MAYNE

From A Topographical Dictionary of Ireland, 1837

MAYNE, or MOYNE, a parish, in the barony of FASSADINING, county of KILKENNY, and province of LEINSTER, 4 miles (N. W.) from Kilkenny, on the river Dinan; containing 633 inhabitants, and comprising 1636 statute acres. At Conahy is a quarry of flag stone, of which some of the strata are thin and used for roofing, but the stone is more generally used for hearths and flooring. Here is a station of the constabulary police. Jenkinstown, the handsome seat of G. Bryan, Esq., is situated in a highly cultivated tract of country near the river Nore: the demesne, which contains about 300 plantation acres, is finely wooded.

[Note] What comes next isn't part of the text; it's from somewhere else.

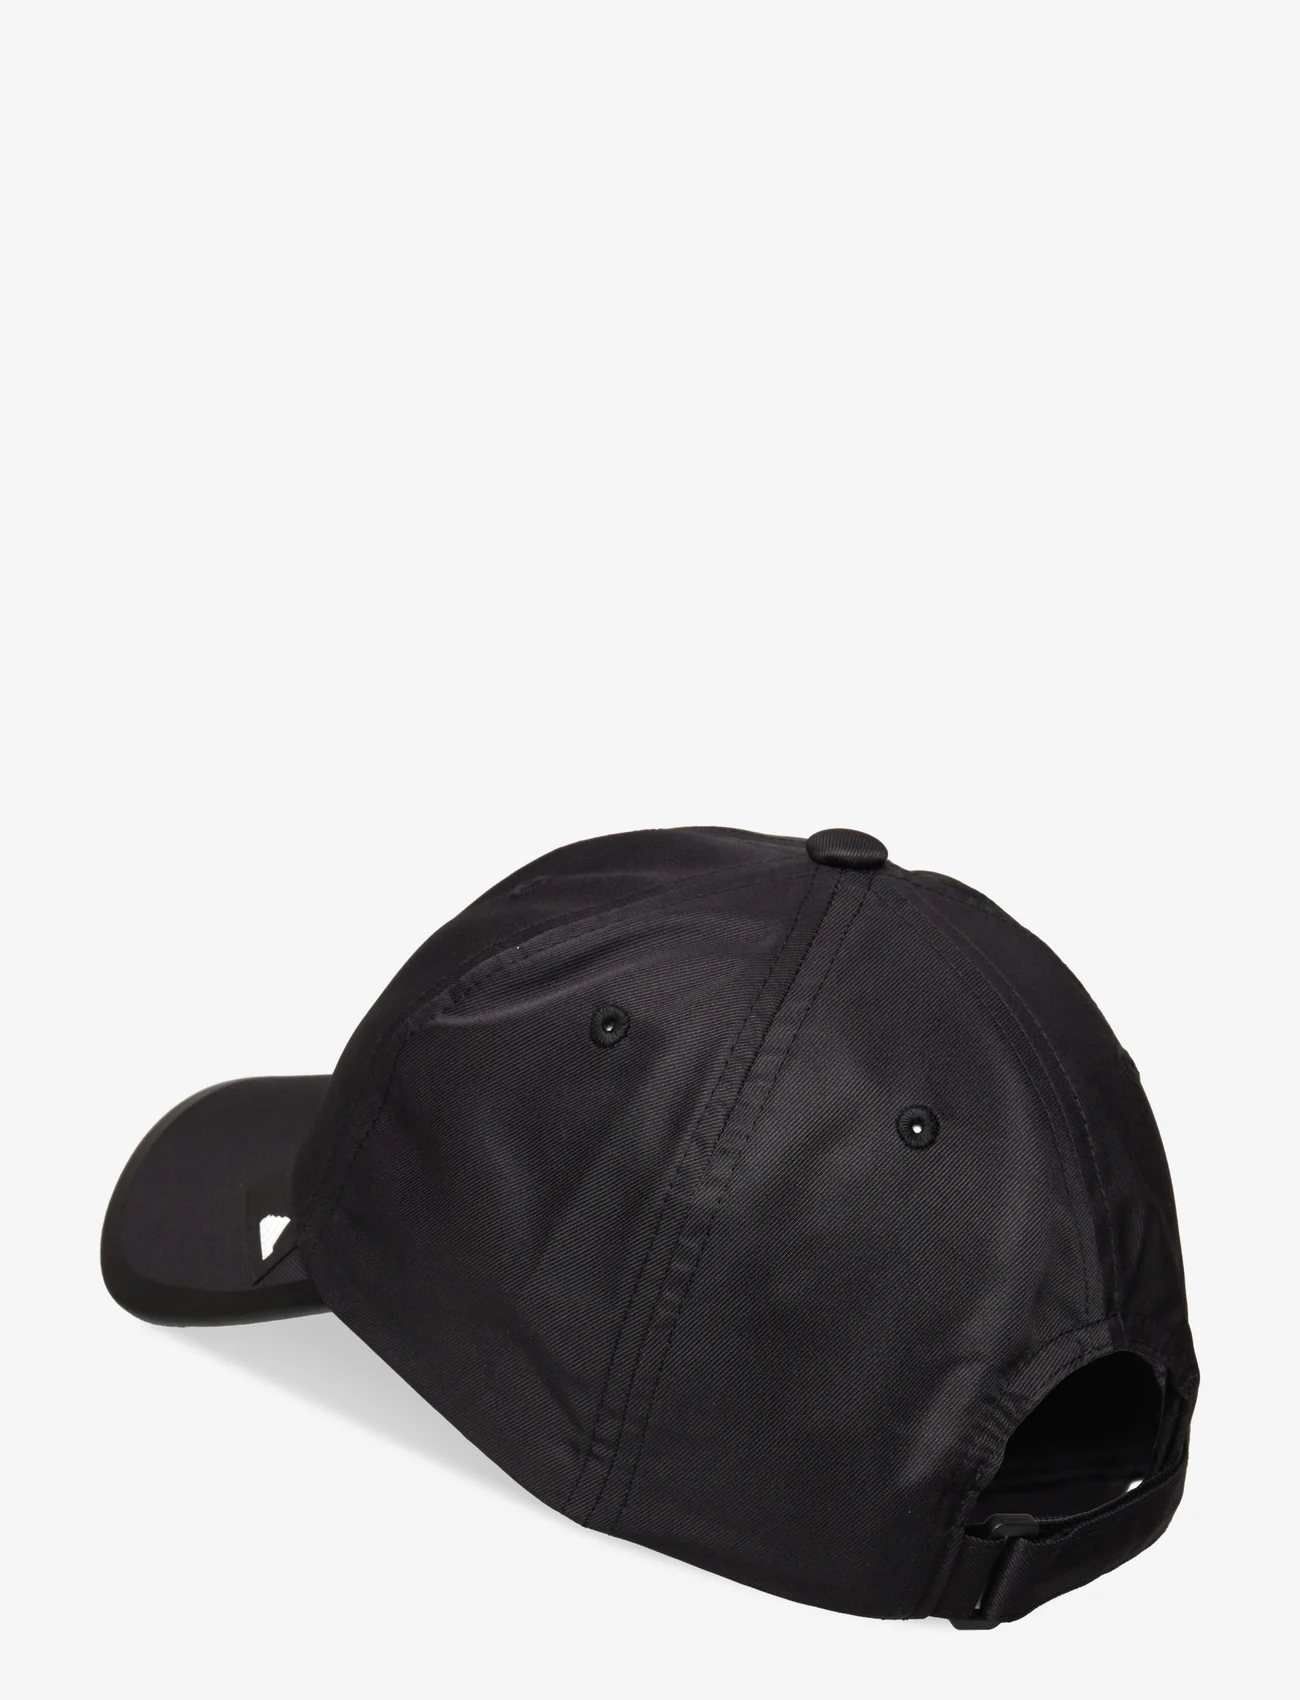 adidas Performance - FI TECH BB CAP - casquettes - black - 1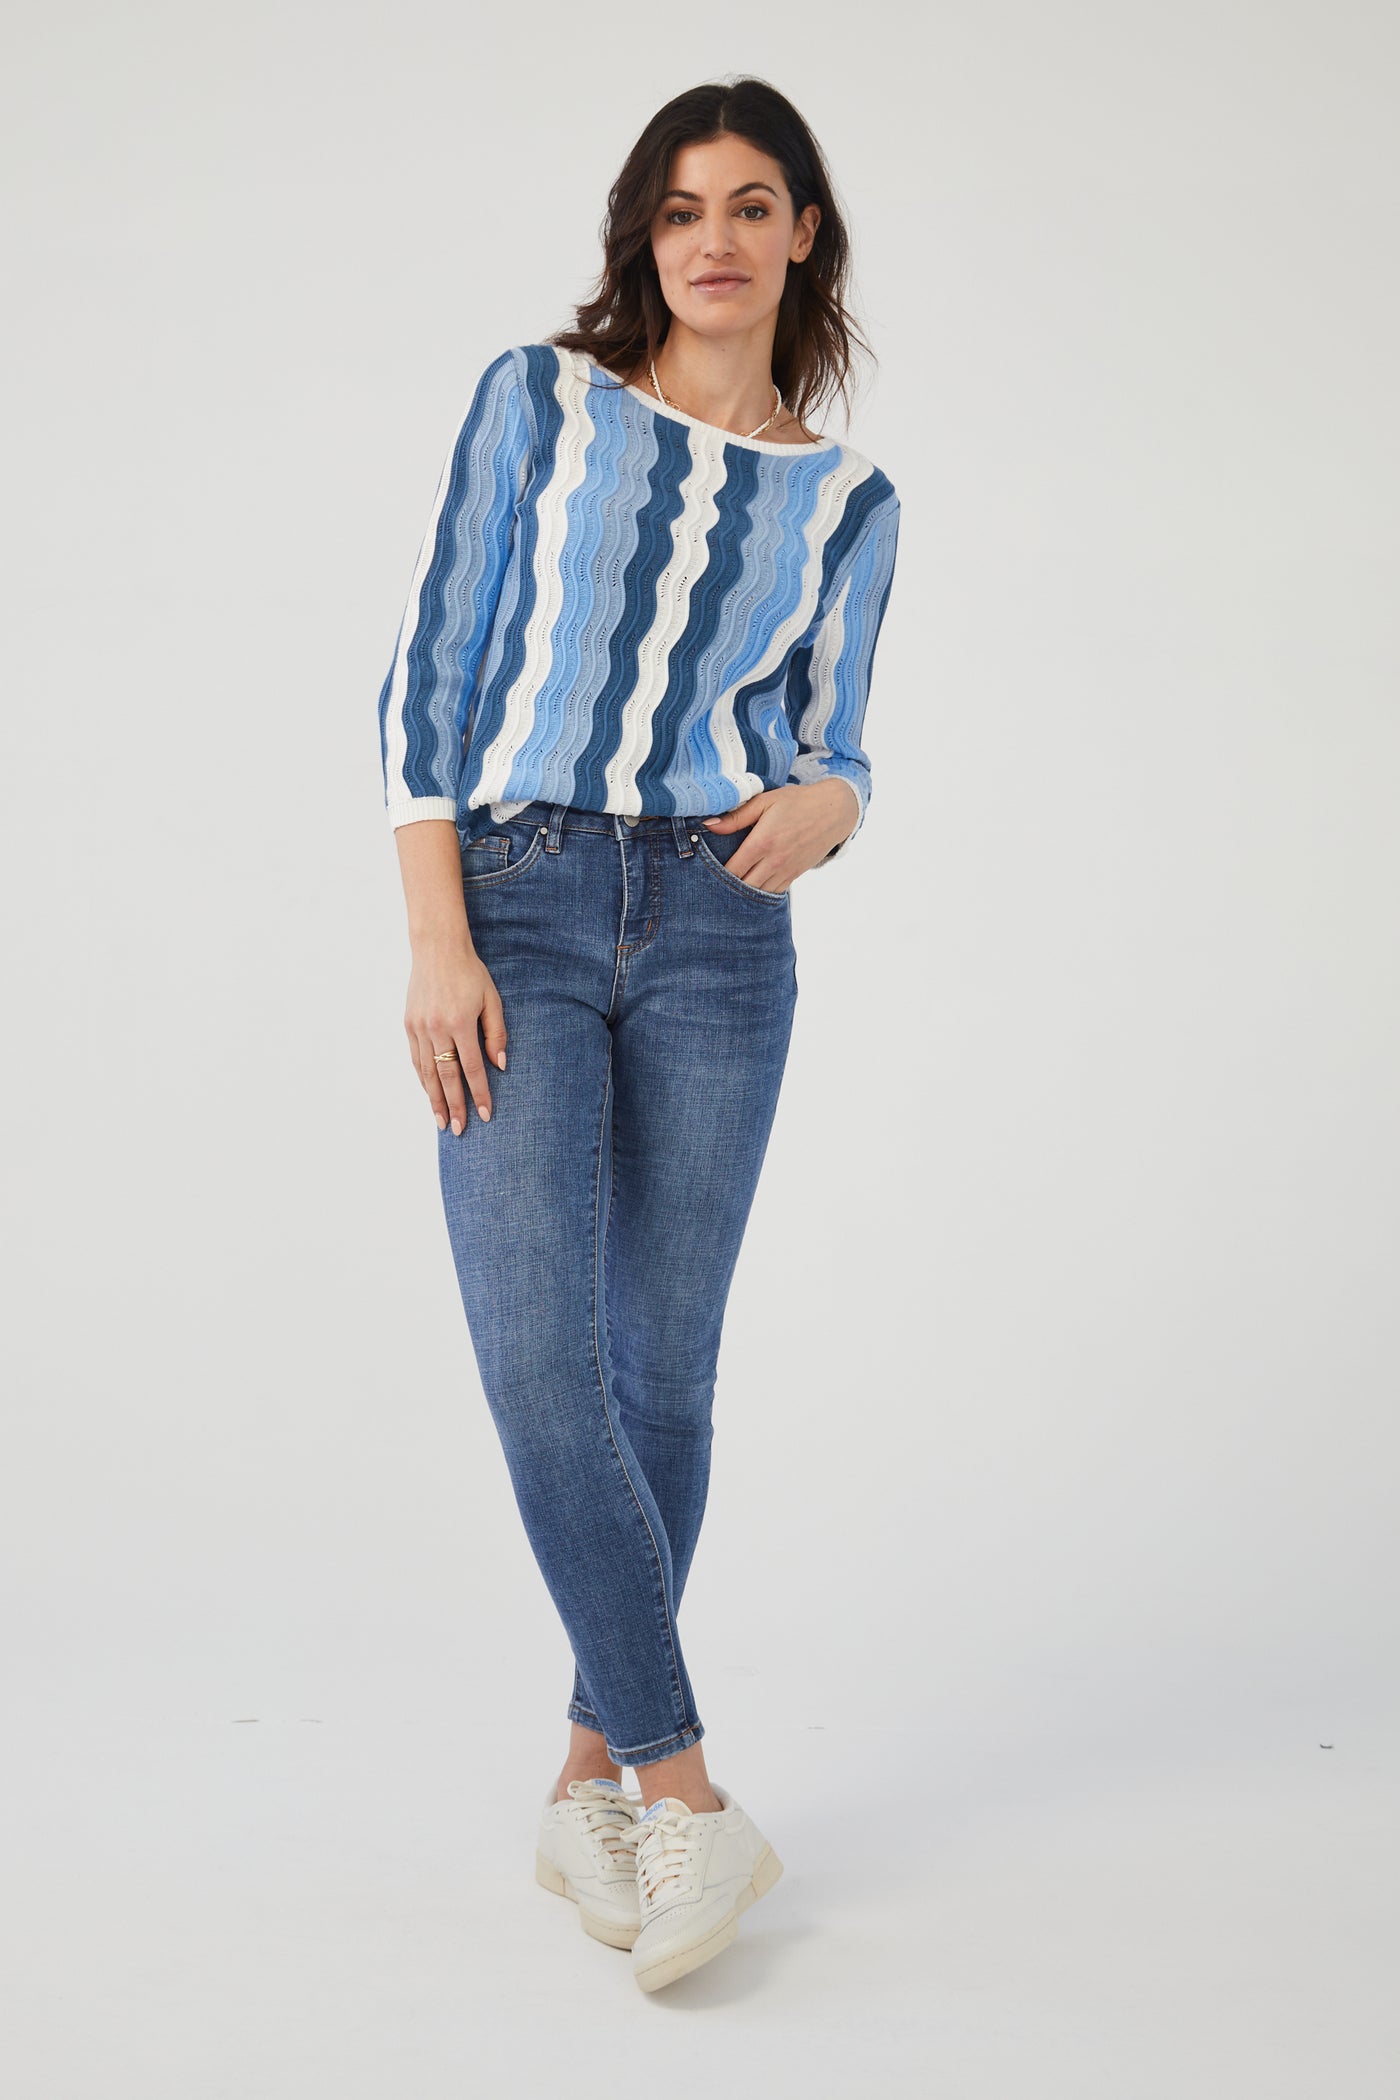 French Dressing Jeans Olivia Slim Ankle, Crosshatch Denim, Mid Rise

The living is a rectory, in the diocese of Ossory, partly impropriate in the corporation of Kilkenny, but chiefly forming the corps of the prebend of Mayne in the cathedral of St. Canice, Kilkenny, and in the patronage of the Bishop: the tithes amount to £104, of which £13. 16. 11. is payable to the impropriators, and the remainder to the rector; and there is a glebe of 95 acres near the ruins of the old church.

In the R. C. divisions the parish forms part of the union or district of Conahy, comprising also parts of the parishes of Kilmacar, Coolcraheen, and Odogh, and three detached townlands of Burnchurch. A new R. C. chapel, a commodious edifice, is now being erected near Jenkinstown; at which place is a school under the patronage of Major Bryan, held in a neat building erected by the Major at an expense of £300.